**GOAL OF THE EXERCISE**: Return the run of lines below that opens with the line containing "#031 Fabian Helfenstein, Helpstone GmbH" and closes with the line containing "La nave espacial", keeping each one exact.
++++++++
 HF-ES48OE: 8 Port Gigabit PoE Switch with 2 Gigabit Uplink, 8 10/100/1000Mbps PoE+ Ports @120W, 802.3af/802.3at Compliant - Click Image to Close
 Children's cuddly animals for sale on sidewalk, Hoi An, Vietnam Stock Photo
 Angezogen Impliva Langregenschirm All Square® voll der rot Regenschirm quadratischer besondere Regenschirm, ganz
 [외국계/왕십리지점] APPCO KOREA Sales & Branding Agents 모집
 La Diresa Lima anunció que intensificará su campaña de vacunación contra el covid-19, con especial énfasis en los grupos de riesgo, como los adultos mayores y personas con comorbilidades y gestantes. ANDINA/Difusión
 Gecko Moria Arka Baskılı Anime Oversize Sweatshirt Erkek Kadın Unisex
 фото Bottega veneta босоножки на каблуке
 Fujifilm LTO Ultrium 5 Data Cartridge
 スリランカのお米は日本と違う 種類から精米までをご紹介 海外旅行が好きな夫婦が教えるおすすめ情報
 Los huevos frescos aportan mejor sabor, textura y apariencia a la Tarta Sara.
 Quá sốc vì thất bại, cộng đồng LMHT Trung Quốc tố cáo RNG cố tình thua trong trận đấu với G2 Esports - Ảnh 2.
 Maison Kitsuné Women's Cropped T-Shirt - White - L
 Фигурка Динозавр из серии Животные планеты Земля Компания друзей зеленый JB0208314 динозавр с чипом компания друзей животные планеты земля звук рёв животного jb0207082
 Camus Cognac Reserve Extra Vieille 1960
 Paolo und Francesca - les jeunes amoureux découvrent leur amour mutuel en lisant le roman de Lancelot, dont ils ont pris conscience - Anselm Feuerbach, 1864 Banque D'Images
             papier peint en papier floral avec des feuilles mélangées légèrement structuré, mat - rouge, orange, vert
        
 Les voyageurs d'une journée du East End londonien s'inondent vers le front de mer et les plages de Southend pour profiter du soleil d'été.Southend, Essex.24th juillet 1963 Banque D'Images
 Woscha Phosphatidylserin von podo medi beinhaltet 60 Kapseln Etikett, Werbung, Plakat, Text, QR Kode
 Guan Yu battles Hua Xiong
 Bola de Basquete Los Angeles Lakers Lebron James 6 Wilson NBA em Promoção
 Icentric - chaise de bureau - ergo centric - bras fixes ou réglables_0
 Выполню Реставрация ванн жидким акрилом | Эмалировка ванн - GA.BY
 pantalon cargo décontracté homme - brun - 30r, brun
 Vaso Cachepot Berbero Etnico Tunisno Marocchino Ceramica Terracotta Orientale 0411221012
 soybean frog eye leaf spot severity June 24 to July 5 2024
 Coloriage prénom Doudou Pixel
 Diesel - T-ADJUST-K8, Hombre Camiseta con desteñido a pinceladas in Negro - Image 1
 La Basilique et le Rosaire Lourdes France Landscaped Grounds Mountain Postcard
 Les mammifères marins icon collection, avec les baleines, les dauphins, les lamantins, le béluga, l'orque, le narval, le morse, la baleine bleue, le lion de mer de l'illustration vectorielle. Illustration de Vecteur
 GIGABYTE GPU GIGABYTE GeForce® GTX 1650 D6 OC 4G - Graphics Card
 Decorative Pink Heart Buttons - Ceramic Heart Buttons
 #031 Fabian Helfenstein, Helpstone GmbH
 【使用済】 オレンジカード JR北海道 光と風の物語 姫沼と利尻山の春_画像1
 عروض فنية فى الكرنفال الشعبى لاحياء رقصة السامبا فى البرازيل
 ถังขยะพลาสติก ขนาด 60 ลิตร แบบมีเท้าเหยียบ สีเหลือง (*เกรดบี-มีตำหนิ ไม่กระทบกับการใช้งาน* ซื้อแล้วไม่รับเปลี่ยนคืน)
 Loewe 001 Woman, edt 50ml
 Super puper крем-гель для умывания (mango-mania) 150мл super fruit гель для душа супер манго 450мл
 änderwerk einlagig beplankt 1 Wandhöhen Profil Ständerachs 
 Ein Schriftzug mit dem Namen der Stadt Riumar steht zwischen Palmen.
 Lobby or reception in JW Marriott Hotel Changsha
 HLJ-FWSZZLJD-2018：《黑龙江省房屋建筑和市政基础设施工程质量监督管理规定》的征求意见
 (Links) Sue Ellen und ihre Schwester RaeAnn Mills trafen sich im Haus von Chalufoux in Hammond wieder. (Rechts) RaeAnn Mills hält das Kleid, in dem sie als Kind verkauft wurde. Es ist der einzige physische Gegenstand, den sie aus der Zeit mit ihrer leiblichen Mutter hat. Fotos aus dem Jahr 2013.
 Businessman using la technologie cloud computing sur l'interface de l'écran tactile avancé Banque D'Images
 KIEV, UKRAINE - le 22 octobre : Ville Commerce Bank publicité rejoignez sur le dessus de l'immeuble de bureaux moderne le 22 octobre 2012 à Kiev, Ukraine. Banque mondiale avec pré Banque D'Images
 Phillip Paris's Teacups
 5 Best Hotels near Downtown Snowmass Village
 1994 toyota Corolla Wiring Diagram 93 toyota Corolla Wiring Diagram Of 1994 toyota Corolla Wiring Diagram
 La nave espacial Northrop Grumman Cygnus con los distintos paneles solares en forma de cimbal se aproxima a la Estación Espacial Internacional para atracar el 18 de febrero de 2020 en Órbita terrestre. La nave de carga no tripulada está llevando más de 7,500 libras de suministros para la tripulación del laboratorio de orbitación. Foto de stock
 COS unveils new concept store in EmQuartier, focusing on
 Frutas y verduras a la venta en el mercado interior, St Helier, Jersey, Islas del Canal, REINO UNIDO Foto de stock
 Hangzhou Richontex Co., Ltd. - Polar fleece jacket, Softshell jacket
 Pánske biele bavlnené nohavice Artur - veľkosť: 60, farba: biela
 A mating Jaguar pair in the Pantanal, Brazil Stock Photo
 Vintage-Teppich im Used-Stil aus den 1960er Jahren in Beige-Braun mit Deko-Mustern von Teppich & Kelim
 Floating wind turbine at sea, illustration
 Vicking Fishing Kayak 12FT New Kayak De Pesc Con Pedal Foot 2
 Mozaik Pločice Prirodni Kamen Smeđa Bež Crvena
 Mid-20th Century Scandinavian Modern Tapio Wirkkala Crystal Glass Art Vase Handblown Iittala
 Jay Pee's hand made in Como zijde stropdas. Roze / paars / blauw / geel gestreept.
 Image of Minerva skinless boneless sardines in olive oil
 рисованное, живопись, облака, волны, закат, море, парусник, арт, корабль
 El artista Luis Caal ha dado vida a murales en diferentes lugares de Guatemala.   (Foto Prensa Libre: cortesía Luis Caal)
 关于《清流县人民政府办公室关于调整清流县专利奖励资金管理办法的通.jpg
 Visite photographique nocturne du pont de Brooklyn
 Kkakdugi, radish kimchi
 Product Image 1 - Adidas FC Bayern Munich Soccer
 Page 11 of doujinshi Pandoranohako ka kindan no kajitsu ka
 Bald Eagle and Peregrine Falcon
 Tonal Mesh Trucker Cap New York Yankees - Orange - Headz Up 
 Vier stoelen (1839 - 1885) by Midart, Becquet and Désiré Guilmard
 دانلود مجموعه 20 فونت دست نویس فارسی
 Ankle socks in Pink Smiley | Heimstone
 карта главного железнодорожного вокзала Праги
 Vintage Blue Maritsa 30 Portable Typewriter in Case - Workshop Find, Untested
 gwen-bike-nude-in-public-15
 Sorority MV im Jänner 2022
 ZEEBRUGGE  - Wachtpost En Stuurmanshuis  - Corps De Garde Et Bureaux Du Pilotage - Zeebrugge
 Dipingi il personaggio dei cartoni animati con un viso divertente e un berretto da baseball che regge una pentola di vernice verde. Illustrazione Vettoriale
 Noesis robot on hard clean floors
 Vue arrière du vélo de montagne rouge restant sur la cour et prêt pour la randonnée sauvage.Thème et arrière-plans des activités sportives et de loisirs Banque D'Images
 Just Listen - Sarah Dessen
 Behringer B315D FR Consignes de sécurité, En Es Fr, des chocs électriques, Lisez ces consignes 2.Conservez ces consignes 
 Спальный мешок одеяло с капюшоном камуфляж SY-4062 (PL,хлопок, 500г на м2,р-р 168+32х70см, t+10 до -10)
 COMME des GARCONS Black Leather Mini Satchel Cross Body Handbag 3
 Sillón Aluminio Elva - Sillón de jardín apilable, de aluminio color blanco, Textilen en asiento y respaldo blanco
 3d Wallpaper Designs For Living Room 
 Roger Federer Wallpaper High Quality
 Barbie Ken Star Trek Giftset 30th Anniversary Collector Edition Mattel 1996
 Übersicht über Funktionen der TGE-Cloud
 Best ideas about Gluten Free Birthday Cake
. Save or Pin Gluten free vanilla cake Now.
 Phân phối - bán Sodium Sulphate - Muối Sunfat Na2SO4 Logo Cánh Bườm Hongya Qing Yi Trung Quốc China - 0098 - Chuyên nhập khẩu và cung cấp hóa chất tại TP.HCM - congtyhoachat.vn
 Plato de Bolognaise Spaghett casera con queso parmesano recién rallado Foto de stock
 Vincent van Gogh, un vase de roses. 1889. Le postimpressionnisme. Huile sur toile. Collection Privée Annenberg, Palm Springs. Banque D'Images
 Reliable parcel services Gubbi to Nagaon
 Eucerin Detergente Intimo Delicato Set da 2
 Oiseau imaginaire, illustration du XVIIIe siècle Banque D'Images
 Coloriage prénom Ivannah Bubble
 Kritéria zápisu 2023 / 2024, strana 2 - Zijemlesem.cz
++++++++
**THE ANSWER**:
 #031 Fabian Helfenstein, Helpstone GmbH
 【使用済】 オレンジカード JR北海道 光と風の物語 姫沼と利尻山の春_画像1
 عروض فنية فى الكرنفال الشعبى لاحياء رقصة السامبا فى البرازيل
 ถังขยะพลาสติก ขนาด 60 ลิตร แบบมีเท้าเหยียบ สีเหลือง (*เกรดบี-มีตำหนิ ไม่กระทบกับการใช้งาน* ซื้อแล้วไม่รับเปลี่ยนคืน)
 Loewe 001 Woman, edt 50ml
 Super puper крем-гель для умывания (mango-mania) 150мл super fruit гель для душа супер манго 450мл
 änderwerk einlagig beplankt 1 Wandhöhen Profil Ständerachs 
 Ein Schriftzug mit dem Namen der Stadt Riumar steht zwischen Palmen.
 Lobby or reception in JW Marriott Hotel Changsha
 HLJ-FWSZZLJD-2018：《黑龙江省房屋建筑和市政基础设施工程质量监督管理规定》的征求意见
 (Links) Sue Ellen und ihre Schwester RaeAnn Mills trafen sich im Haus von Chalufoux in Hammond wieder. (Rechts) RaeAnn Mills hält das Kleid, in dem sie als Kind verkauft wurde. Es ist der einzige physische Gegenstand, den sie aus der Zeit mit ihrer leiblichen Mutter hat. Fotos aus dem Jahr 2013.
 Businessman using la technologie cloud computing sur l'interface de l'écran tactile avancé Banque D'Images
 KIEV, UKRAINE - le 22 octobre : Ville Commerce Bank publicité rejoignez sur le dessus de l'immeuble de bureaux moderne le 22 octobre 2012 à Kiev, Ukraine. Banque mondiale avec pré Banque D'Images
 Phillip Paris's Teacups
 5 Best Hotels near Downtown Snowmass Village
 1994 toyota Corolla Wiring Diagram 93 toyota Corolla Wiring Diagram Of 1994 toyota Corolla Wiring Diagram
 La nave espacial Northrop Grumman Cygnus con los distintos paneles solares en forma de cimbal se aproxima a la Estación Espacial Internacional para atracar el 18 de febrero de 2020 en Órbita terrestre. La nave de carga no tripulada está llevando más de 7,500 libras de suministros para la tripulación del laboratorio de orbitación. Foto de stock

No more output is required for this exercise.